Orion Funding Reduced

DENVER — Lockheed Martin has cut out an entire test article from the Orion
crew exploration vehicle that it is recasting in a new role as deep-space Multi
Purpose Crew Vehicle (MPCV), combining test objectives for the remaining
articles in an effort to keep the vehicle within the tight schedule set by
Congress.

By combining the tests that will be conducted with particular test articles,
the company plans to send an Orion capsule into orbit on its first test flight
in 2013, according to Cleon Lacefield, the company’s program manager. The first
capsule produced is now being prepared for ground tests at company facilities
here and once those are over, it will be reinstrumented to fly on the first
ascent abort test in 2014.

By dropping the test article originally intended for that evaluation — which
is intended to validate the ability of the vehicle’s solid-fuel escape tower to
pull it off a failing launch vehicle at maximum dynamic pressure during ascent —
the company has been able to start work on the test capsule that will fly to
space for the first time.

“With the funding changes, the program realignments, all of those kinds of
things, we’ve been able to preserve the core of this test program and kind of
make it more than it would have been by combining a bunch of tests into single
articles,” says Jim Kemp, director of assembly, test and launch operations for
the new spacecraft.

Lockheed Martin won the original crew exploration vehicle prime contract
under the old Constellation program initiated by the administration of
then-President George W. Bush to build a series of shuttle-replacement vehicles
able to take astronauts out of low Earth orbit to the Moon and beyond.

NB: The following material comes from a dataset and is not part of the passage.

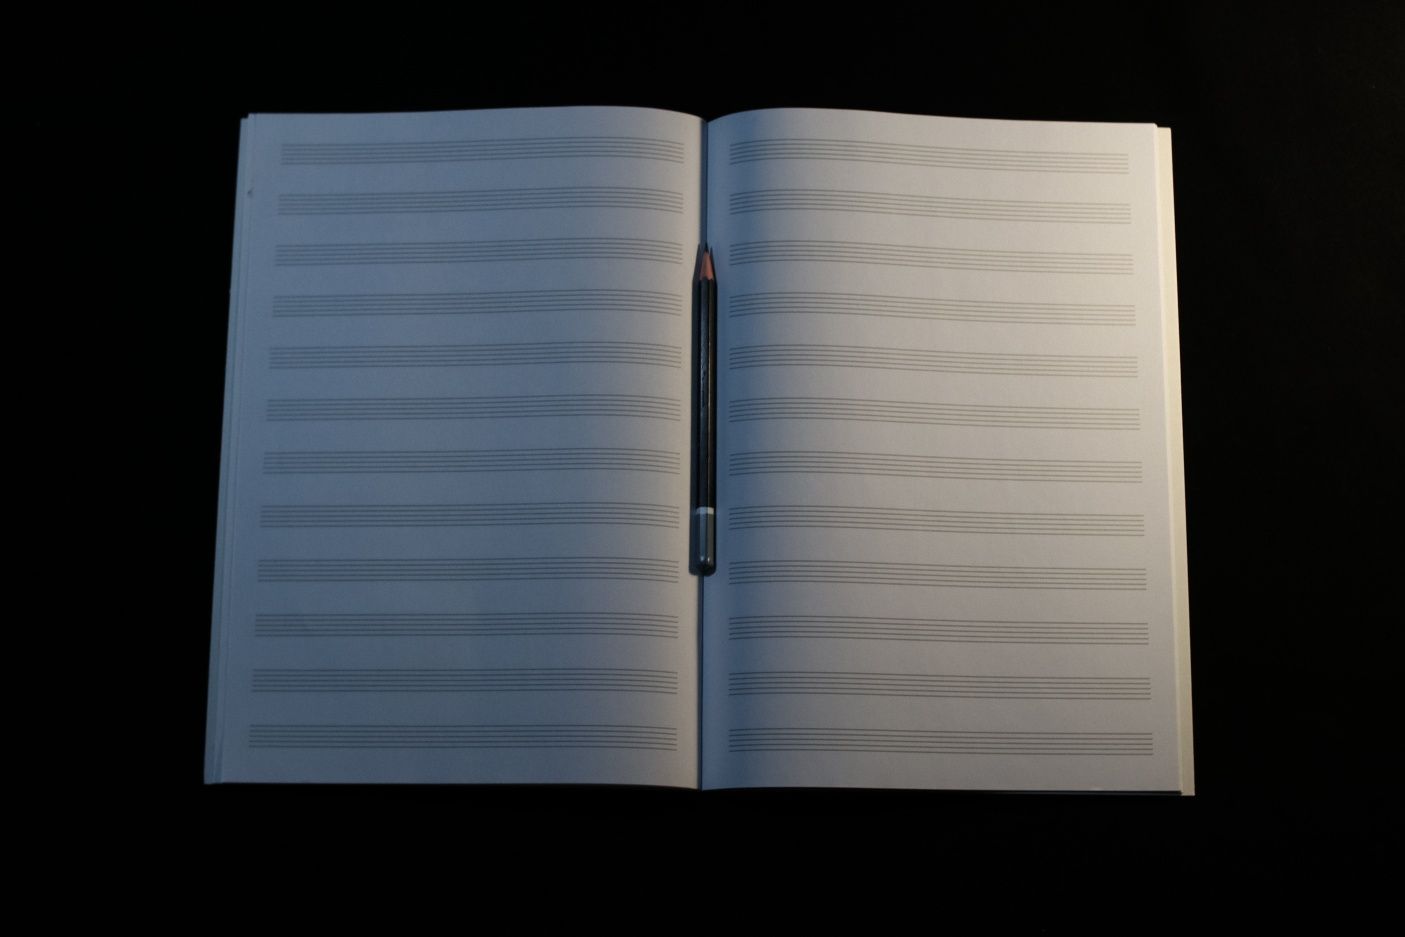 Нотная тетрадь, нотний зошит "music notebook" (тетрадь для нот)

President Barack Obama called for termination of the program in his fiscal
2011 NASA budget request. But after more than a year of wrangling between
Congress and the White House, Orion was preserved as the MPCV for deep space
exploration. During the debate Lockheed Martin kept working on the capsule,
which has been described as “Apollo on steroids,” using Constellation funding
available under appropriations language that prohibited NASA from terminating
the program. The first test article was built at the Michoud Assembly Facility
in New Orleans, where it underwent pressure testing before being sent here for a
more rigorous workout.

New instrumentation is being installed to test how Orion will hold pressure
with a lot of its internal systems installed, including an instrumented window
to measure how the glass flexes under pressure. Acoustic testing will follow,
using generic acoustic loads that should cover any of the potential launch
vehicles NASA chooses for the vehicle’s flight test program. Kemp points out
that the Orion was designed to launch on the Ares I rocket, which was under
development by Constellation before the program was terminated.

If all goes according to schedule, piloted operations of the Orion could
begin as early as 2016, Lockheed Martin says.